Can Collaboration Cure the Capacity Crunch?

Today’s capacity crisis is a perfect storm of volume limitations spanning three major modes of transportation: truck, rail, and ocean.

Driver pay and work/life balance are key issues affecting capacity in the trucking industry. The industry is losing drivers to careers with higher pay and more attractive lifestyles. Carriers today are also more disciplined about adding capacity, hiring drivers only when they can ensure a good financial return.

In the rail sector, the labor fallout from early retirements has restricted train crews, while track and speed constraints limit the ability to run additional capacity across existing rail networks. Because the United States hasn’t built a significant amount of new rails, capacity can only be added by increasing train speeds and running more trains over the current, relatively fixed network.


The long cycle required to build ships will strain ocean capacity until roughly 2007-2008. In addition, rapid growth in Asian imports to the United States has caused massive port congestion. The lack of collaboration in the transportation sector exacerbates this capacity crisis—and affects a cross-section of industries.
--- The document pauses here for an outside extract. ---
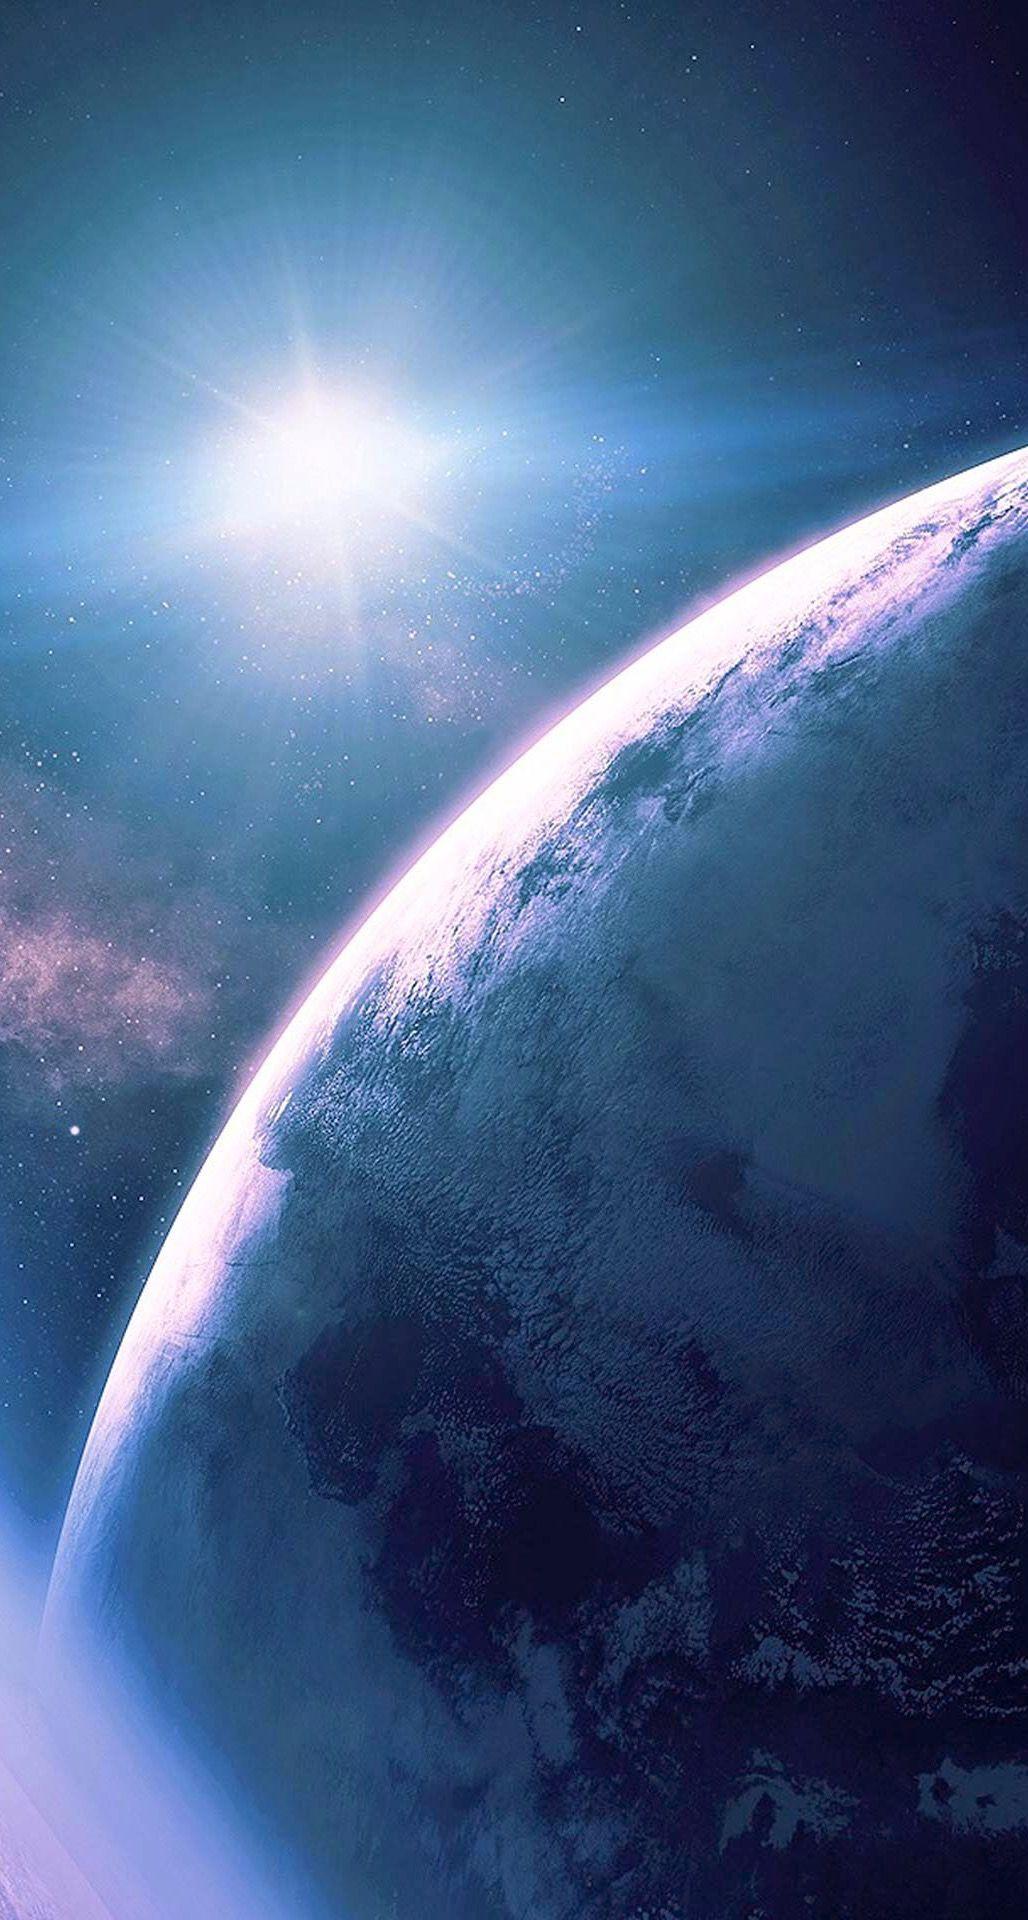 Planetary Iphone Wallpapers Top Free Planetary Iphone Backgrounds Wallpaperaccess 3601

Retailers are forced to add inventory into their supply chains, facing increased obsolescence and markdowns, or miss sales because merchandise is out of stock. Consumers pay the price when goods don’t move efficiently to store shelves.

Shippers absorb higher costs because of delays, a continued lack of capacity, and increased spending on expedited transportation to meet consumer demand. And carriers have difficulty handling the demand, which strains service levels and relationships.

To face this crisis, shippers and carriers must work together to develop smart, creative ways to maintain levels of service, find capacity, and grow business.

Here are five suggestions:

1. Improve pay and overall compensation packages for truck drivers, and work to meet their lifestyle needs. This will help the industry attract drivers, adding capacity back into the system. Shippers and carriers can partner to improve driver lifestyle by creating dedicated driving opportunities, for example.

2. Use capacity as a factor when creating import strategies and locating distribution centers. Ignoring capacity when determining port and distribution center locations leads to ineffective networks and poor customer service. Capacity must drive these decisions to promote greater flexibility and efficiencies.

3. Consider including transportation brokerage firms as core carriers. Core carrier programs provide access to the capacity necessary to remain viable in the market. Using limited trading partners is still a good strategy, but a transportation broker might be part of that plan.

4. Orchestrate smart freight/bid processes and level out shipping loads. Segmenting the country—instead of delivering to all regions every day—has helped many companies level out their daily shipping requirements. In the contracting process, shippers and carriers must be more precise about the capacity supplied for agreed-upon prices.

5. Engage and lobby government officials to build awareness of the capacity crisis and ensure new rules, regulations, and spending don’t exacerbate the problem. With greater collaboration among shippers, carriers, and the government, challenges resulting from new regulations, such as the hours-of-service rules, can be reduced or prevented.

The capacity crisis is forcing key players in the industry to work together to create unique solutions. With proper planning, better strategies, and constant attention to capacity’s impact, shippers and carriers can successfully maintain superior service, find ways to meet capacity commitments, and continue to grow their businesses and the economy.